Most major brokerages — Schwab, Fidelity, Robinhood, E*TRADE, Webull — charge zero commission on US stock and ETF trades. You may still pay small SEC and FINRA regulatory fees on sales (typically pennies per trade), and options or futures still carry per-contract fees. International stock trades, broker-assisted trades, and certain mutual funds still charge commissions. Always check the broker fee schedule before placing complex orders.

Do I owe tax on stocks I sell inside a Roth IRA or 401(k)?

No. Trades inside tax-advantaged accounts (Roth IRA, traditional IRA, 401(k), HSA) are not taxable events. You can buy and sell freely without triggering capital gains. Traditional IRA and 401(k) withdrawals are taxed as ordinary income whenever you take the money out, but the trades themselves are not. Roth IRA qualified withdrawals are entirely tax-free. This is one of the biggest reasons to max retirement accounts before taxable investing.

How does state tax affect my stock profit?

Most states tax capital gains as ordinary income at your state rate, with no preferential long-term rate. So a California resident in the 9.3% top bracket pays 9.3% state tax on top of federal LTCG. Nine states have no income tax (Alaska, Florida, Nevada, New Hampshire, South Dakota, Tennessee, Texas, Washington, Wyoming) and therefore no state capital gains tax. New Hampshire taxes interest and dividends only, not capital gains.

What if I receive stock as a gift or inheritance?

Inherited stock gets a "step-up in basis" to the fair market value on the date of death, which can wipe out decades of unrealized gains tax-free. Gifted stock keeps the original donor cost basis (carryover basis), which means you inherit any built-in gain. The step-up rule is one of the most powerful tax provisions in the code — selling inherited stock the day after inheritance often triggers zero capital gains tax.
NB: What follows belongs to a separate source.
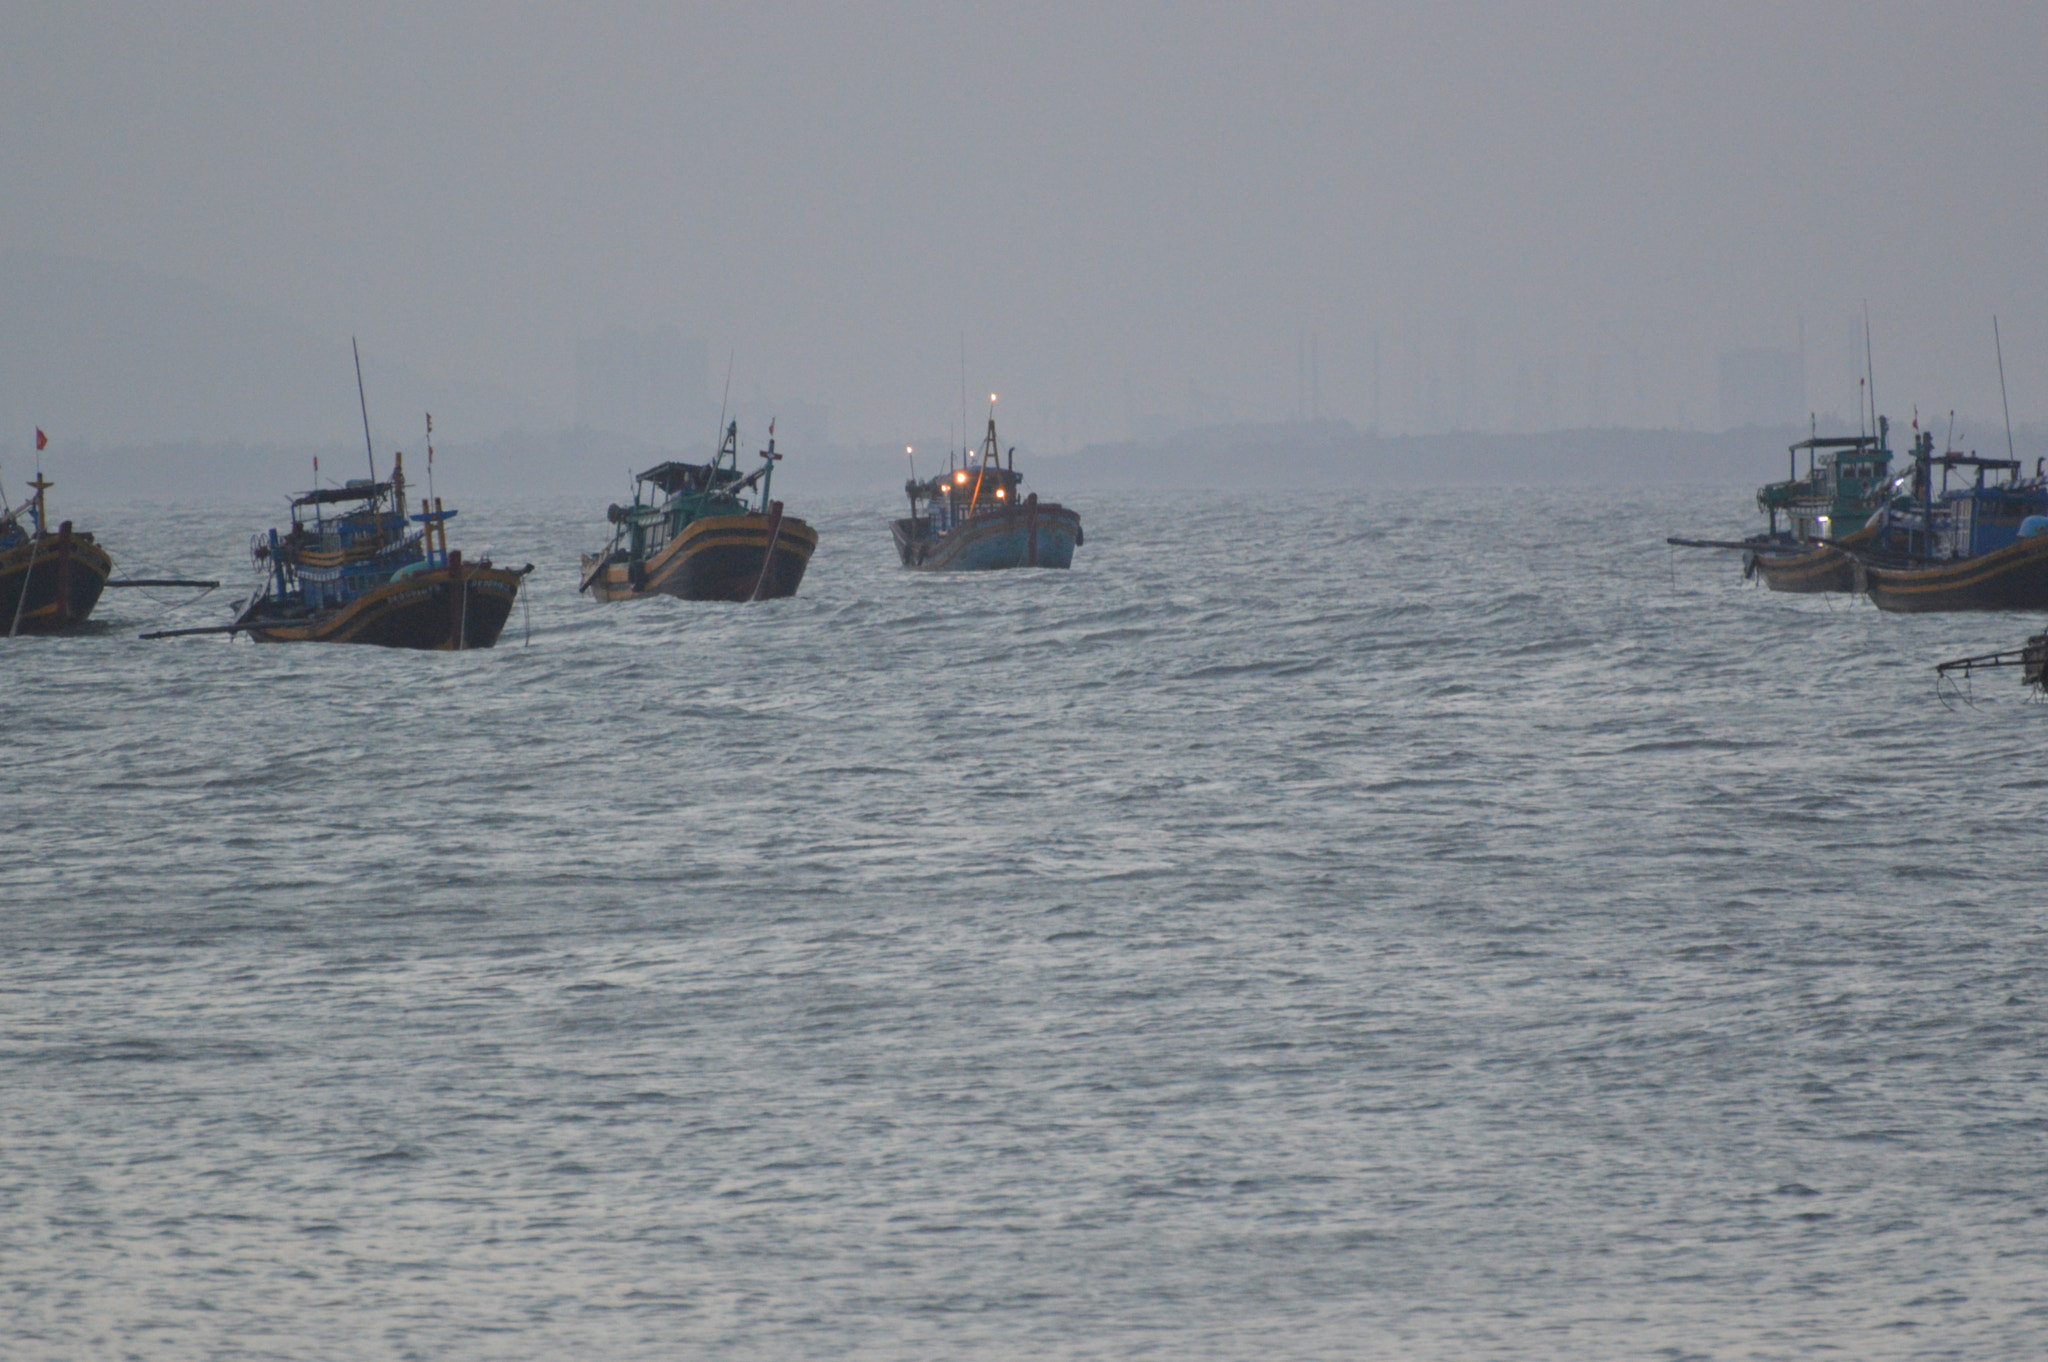 Nikon D3200 sample photo. Fishing boats at anchor photography
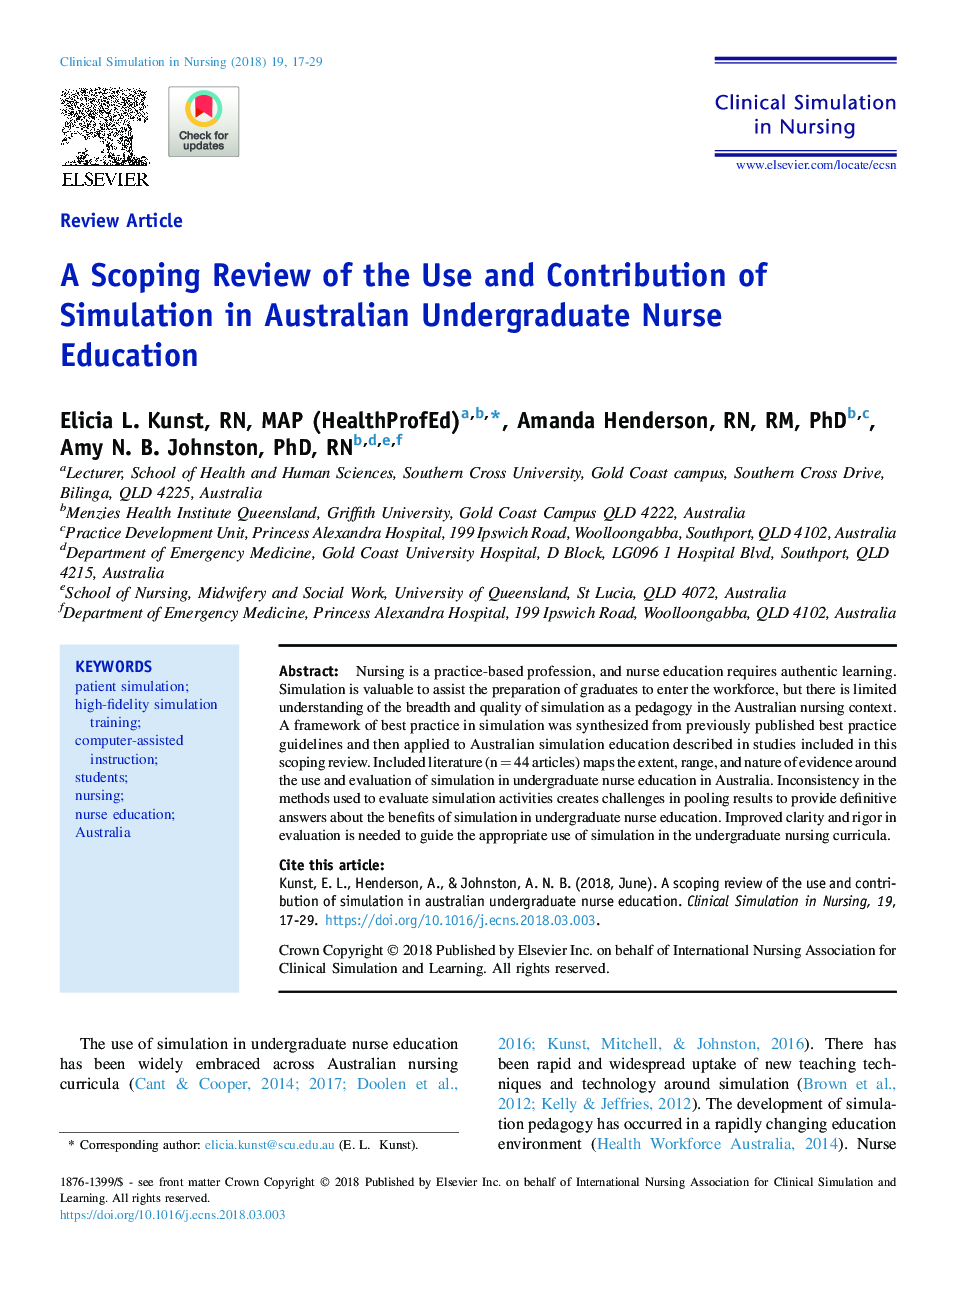 یک مرور کلی از استفاده و سهم شبیه سازی در تحصیلات پرستاری کارشناسی ارشد استرالیا

How do I calculate profit on partial share sales?

Apply your chosen cost basis method (FIFO, specific ID, or average) to the shares you sold. If you bought 100 shares at $50 and another 100 at $70, then sell 100 shares at $80: under FIFO your cost basis is $5,000 (the first lot) and your gain is $3,000; under specific identification you can sell the $70 lot for a $1,000 gain instead, saving on taxes if you want to minimize the realized gain.

Do dividends count as part of my stock profit?

Dividends are separate from your capital gain on the sale, but they are taxable in the year received. Qualified dividends (most US stocks held more than 60 days) get the same favorable rates as long-term capital gains: 0%, 15%, or 20%. Non-qualified dividends — including most REIT distributions and some foreign stocks — are taxed as ordinary income. When calculating total return, add reinvested dividends to your gain to see the true holding-period return.

Sources: IRS Rev. Proc. 2025-32, IRS Publication 550 (Investment Income and Expenses), IRS Topic 409 (Capital Gains and Losses), Section 1411 NIIT.

Disclaimer: Estimates only. Tax outcomes depend on your full situation including state taxes, AMT, prior loss carryovers, and other factors. Consult a tax professional for your specific circumstances.